• Raw data:

· · · · · · ·

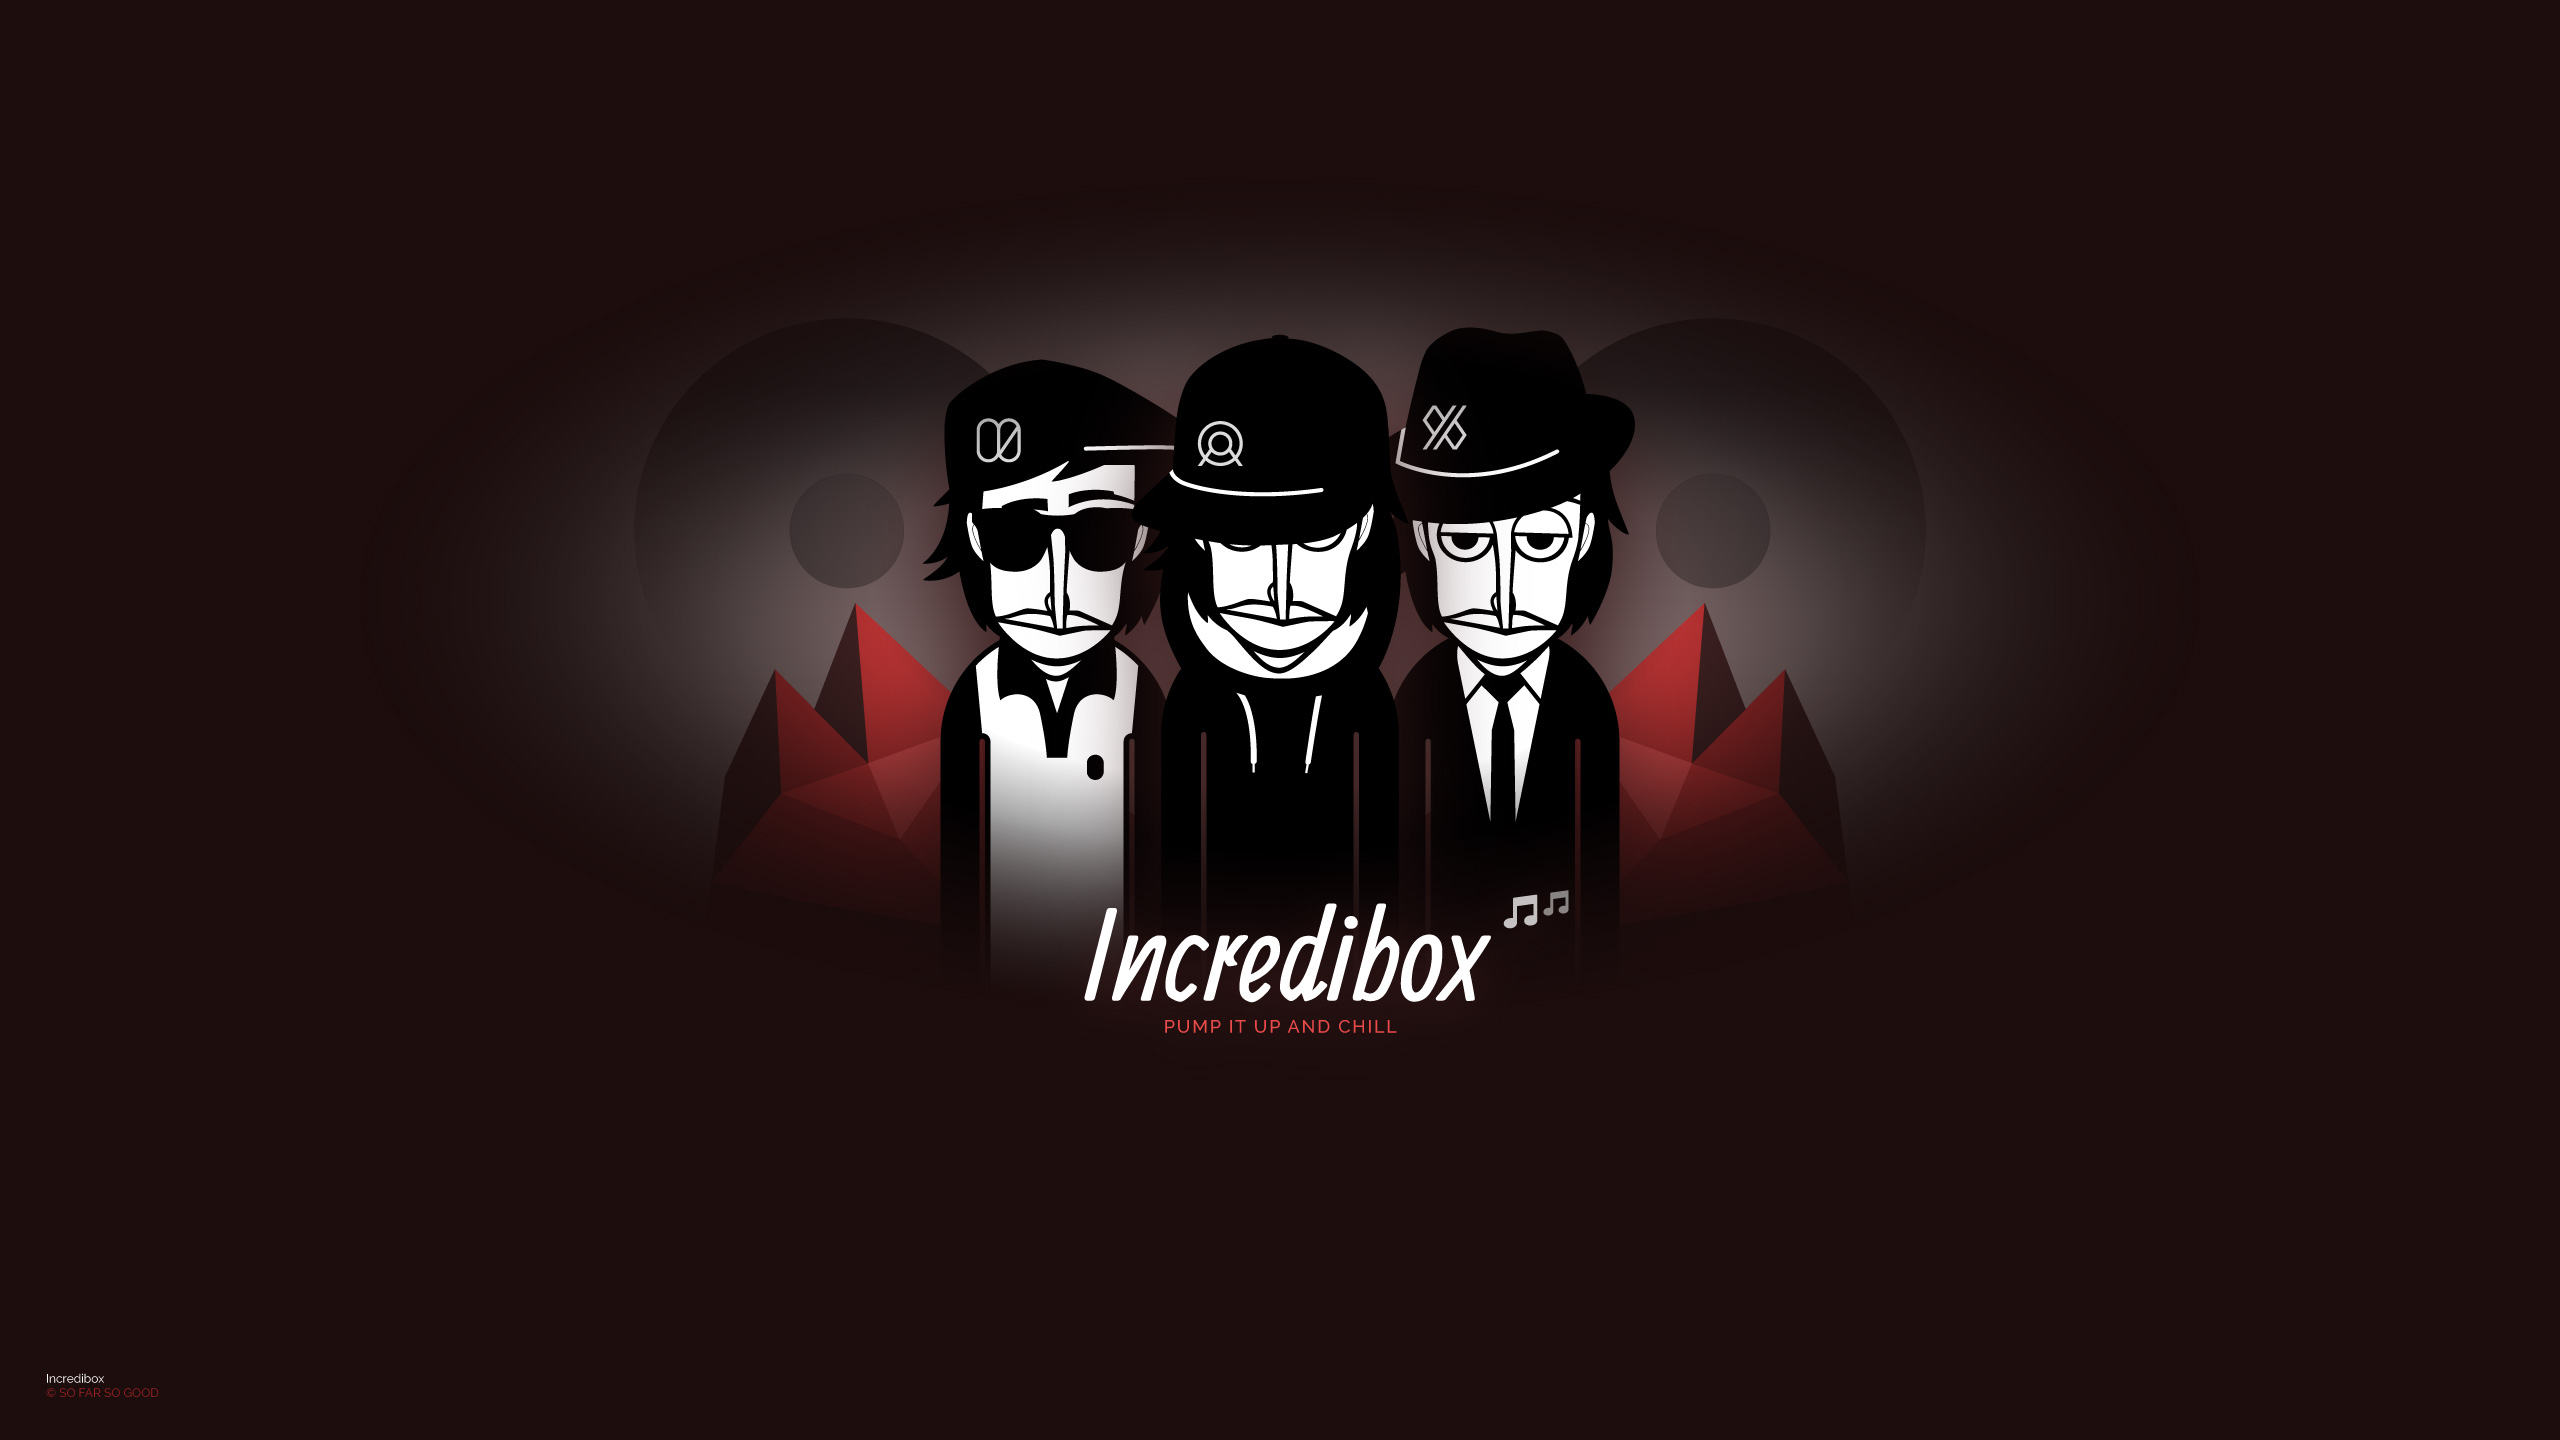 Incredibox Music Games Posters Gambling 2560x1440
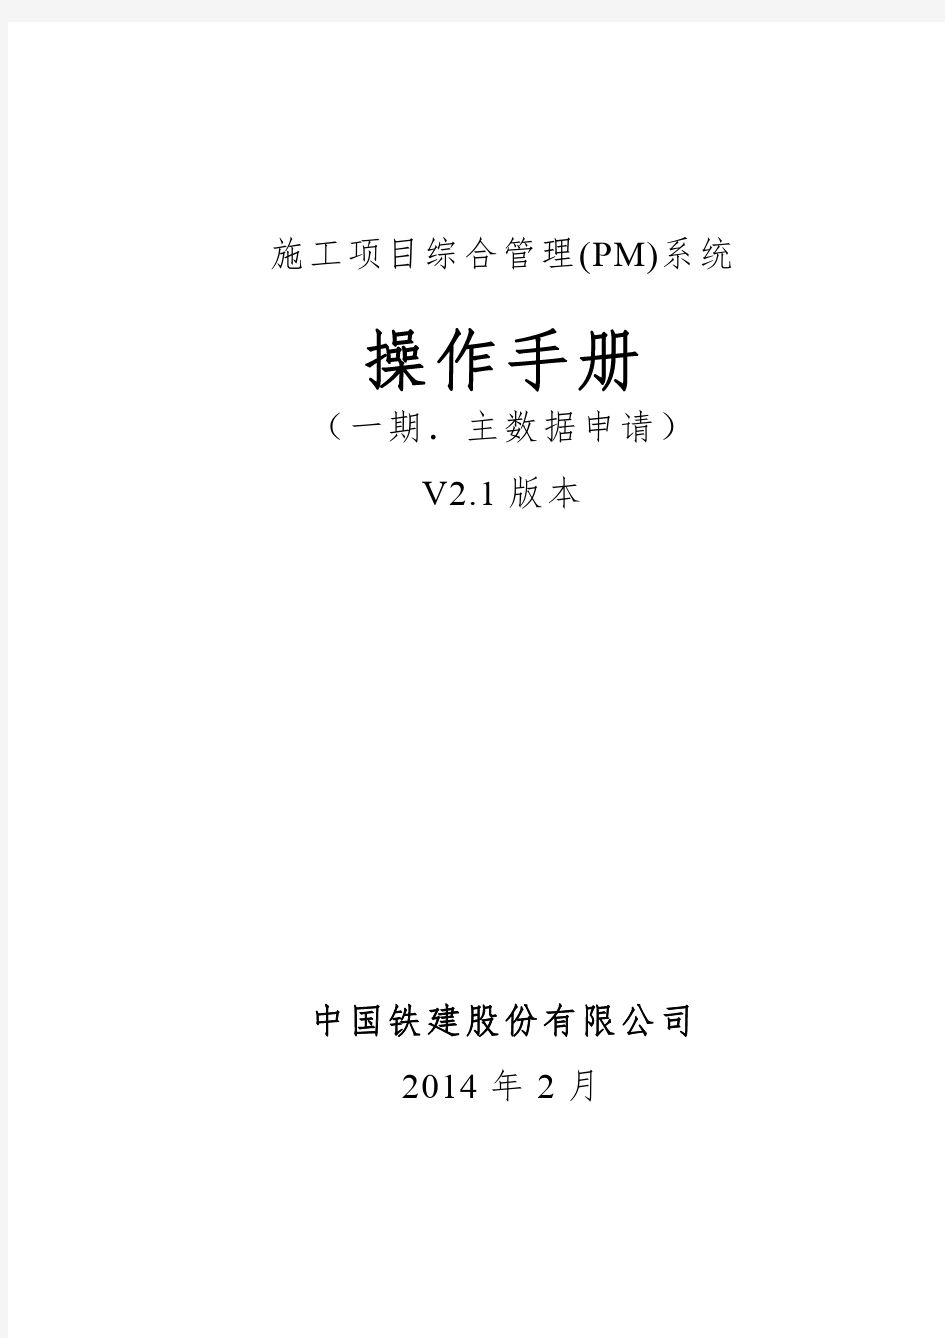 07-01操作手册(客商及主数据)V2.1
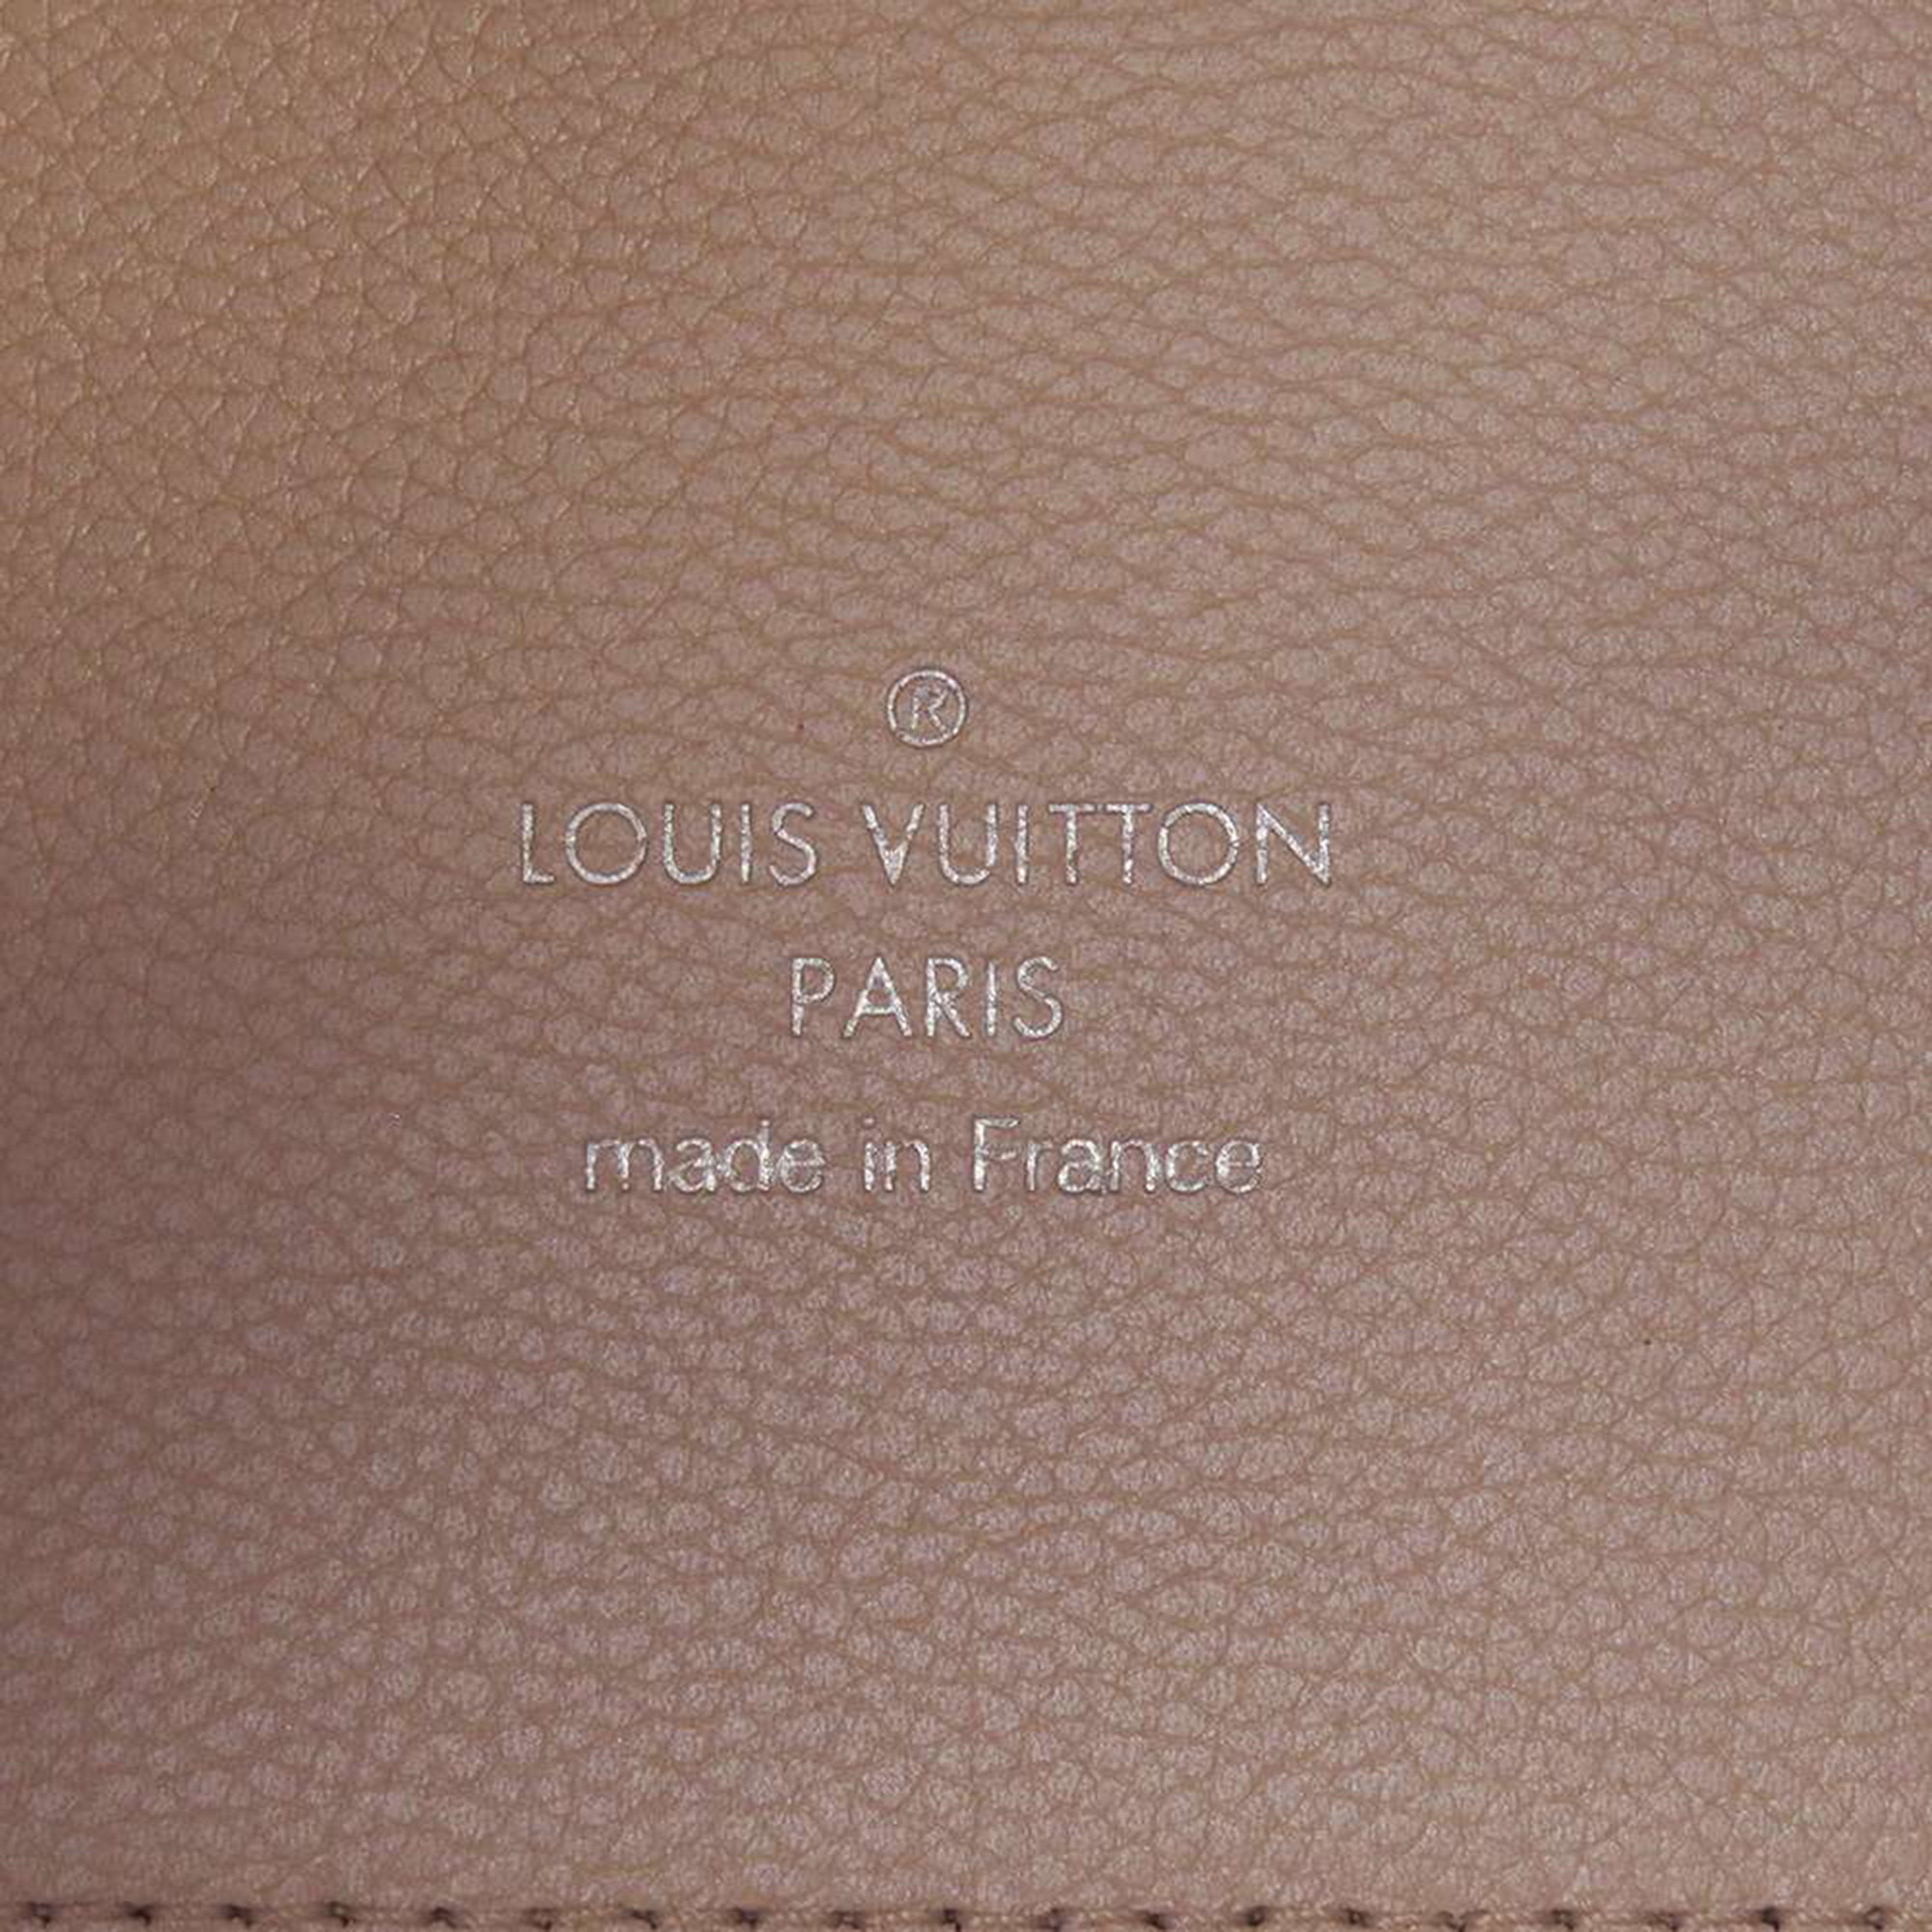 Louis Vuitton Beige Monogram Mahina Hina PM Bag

· · · · · · ·

Output the whole of the data, unchanged; keep the pictures out.

• Reply:
 Incredibox Music Games Posters Gambling 2560x1440
 07-01操作手册(客商及主数据)V2.1
 Louis Vuitton Beige Monogram Mahina Hina PM Bag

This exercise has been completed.